Expression Of Bovine Interleukin-2 Gene In Pichia Pastoris

Interleukin-2 (IL-2) is a cytokine secreted by activated T lymphocytes and has an important role in a number of in vivo immune responses. The important function of IL2 is to induce T cell proliferation and differentiation and to promote helper T cells and NK cells to product cytokines. Therefore, recombinant BoIL2 is desirable as immunoadjuvant and immunotherapy agent. In this study, recombinant BoIL2 was expressed successfully in Pichia pastoris.The methylotrophic yeast Pichia pastoris has been developed as an efficient expression system for foreign proteins. It can grow on methanol as a sole carbon and energy source. As a eukaryotic expression system. Pichia pastoris has many advantages over prokaryotes and other higher eukaryotes.
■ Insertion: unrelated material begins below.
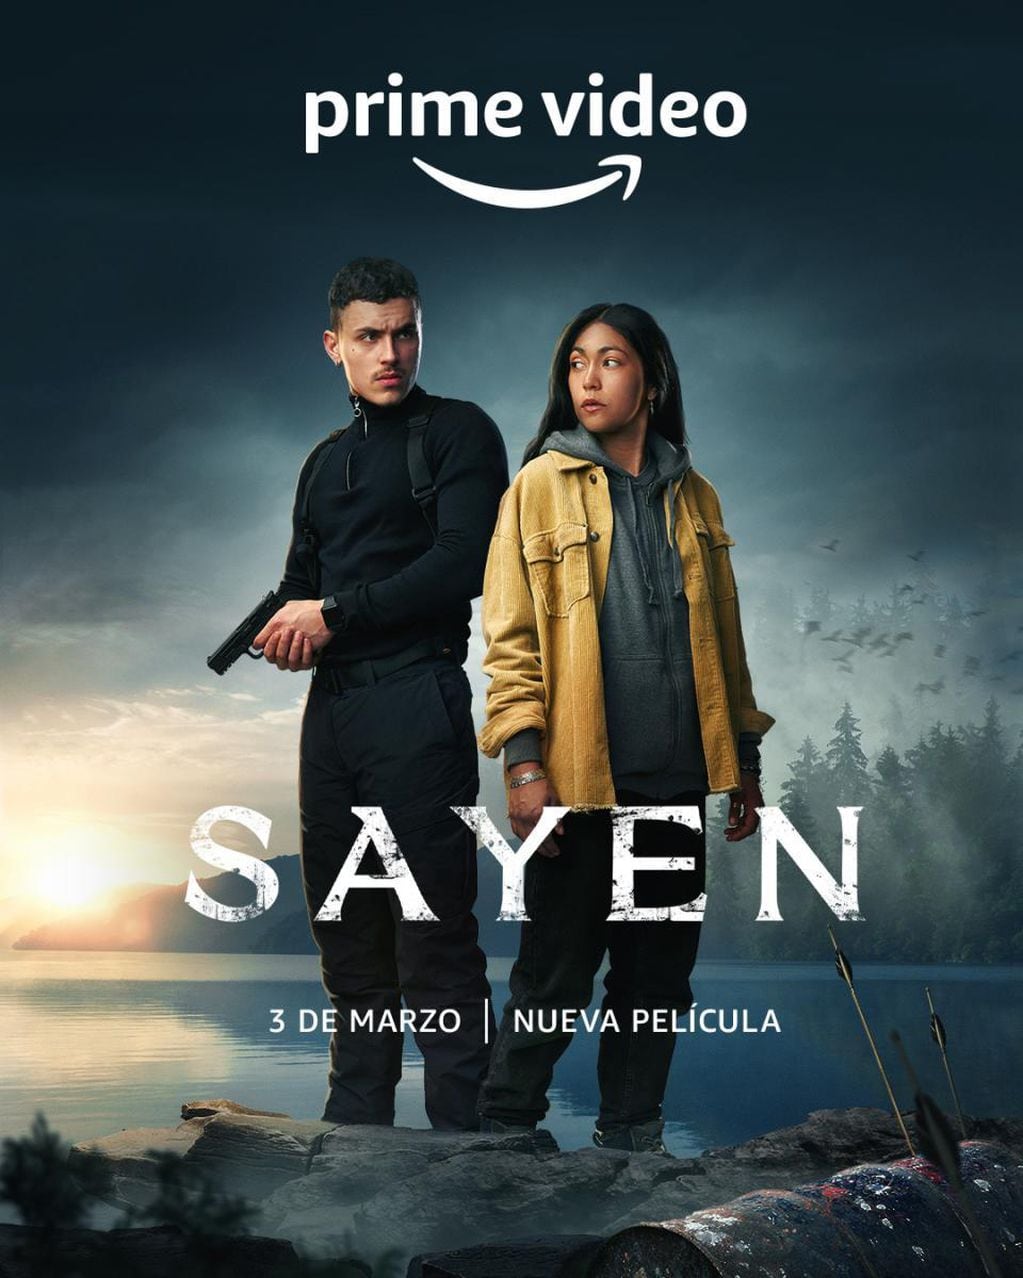 "Sayen", película recomendada en Prime Video.

It is as easy to manipulate and culture as prokaryotes and is able to process posttranslational modifications as other higher eukaryotes.In this study, the BoIL2 gene cDNA was cloned into the Pichia pastoris expression vector of pPICZB, which is under the control of the alcohol oxidase promoter AOX1. The linearnized recombinant plasmid of pPICZB-BoIL2, digested by Sac I , was transformed into X-33 strains by electroporation. The multi-copy insert transformants were screened by Zeocin-resistance screening and induced by 1% methanol .The intracellular soluble expression products were detected by SDS-PAGE analysis and western blotting analysis. Purified recombinant BoIL2 protein with His-Tag was obtained by metal-chelating affinity chromatography (MCAC). Assay with murine CTLL-2 cells showed that the recombinant BoIL2 exhibited the biological activity to induce T cell proliferation.